Blue alerts provide links out to further resources.

What do you need for these tutorials?

Software

  • Working install of Python (>= 3.6), with the anaconda distribution

    • If you are in the official class, datahub satisfies this requirement

  • Jupyter Notebooks

  • git and a GitHub account

Prerequisites

These tutorials presume that you do already have some basic knowledge of programming.

In particular, it assumes knowledge of the Python programming language and standard library.

If you are somewhat unfamiliar with Python, you can follow the links in the Python notebook to catch up.

Computational Resources

The examples throughout these tutorials, and in the assignments are not computationally heavy.

You should be able to run all these materials on any computer you have access to, assuming it will run the aforementioned tools.

Installing Python

  • If you are running code locally, we recommend you install a new version of Python with Anaconda, as described below

    • If you are in the official course, you can use datahub for everything you need

  • If you are on Mac, you have a native installation of python. This native installation of Python may be older, will not include the extra packages that you will need for this class, and is best left untouched.

    • Downloading Anaconda will install a separate, independent install of Python, leaving your native install untouched.

  • Windows does not require Python natively and so it is not typically pre-installed.

Tools

The following are a series of tools that you will need for this class





Anaconda is an open-source distribution of Python, designed for scientific computing, data science and machine learning.
The anaconda website is here, with the download page here.
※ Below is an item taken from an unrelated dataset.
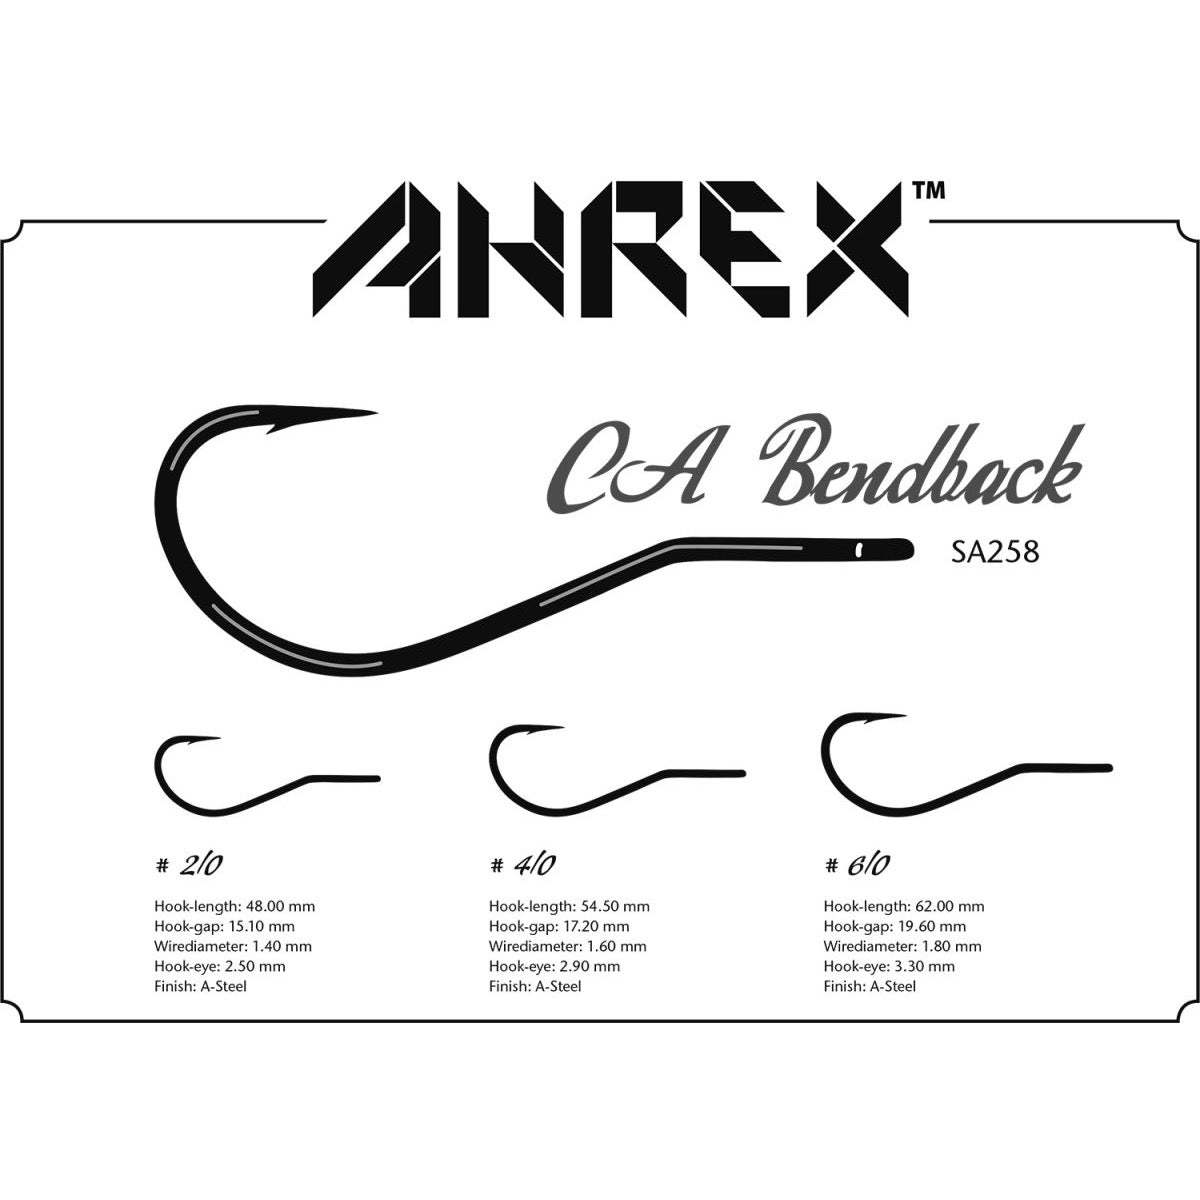 Ahrex SA258 – CA Bendback

Anaconda itself is a distribution, meaning that is a version of Python with a collection of packages that are curated and maintained together.

Using a pre-built distribution is useful, as it comes with the packages that you need for data science.

Anaconda also comes with conda, which is a package manager, allowing you to download, install, and manage other packages.

The anaconda distribution includes all packages that are needed for these tutorials.





Jupyter notebooks are a way to intermix code, outputs and plain text. They run in a web browser, and connect to a kernel to be able to execute code.
The official Jupyter website is available here.

Note that you do not need to download Jupyter separately, as it comes packaged with the Anaconda distribution.

Checking Your Python Version

You can check which installation of Python you are using, and which version it is.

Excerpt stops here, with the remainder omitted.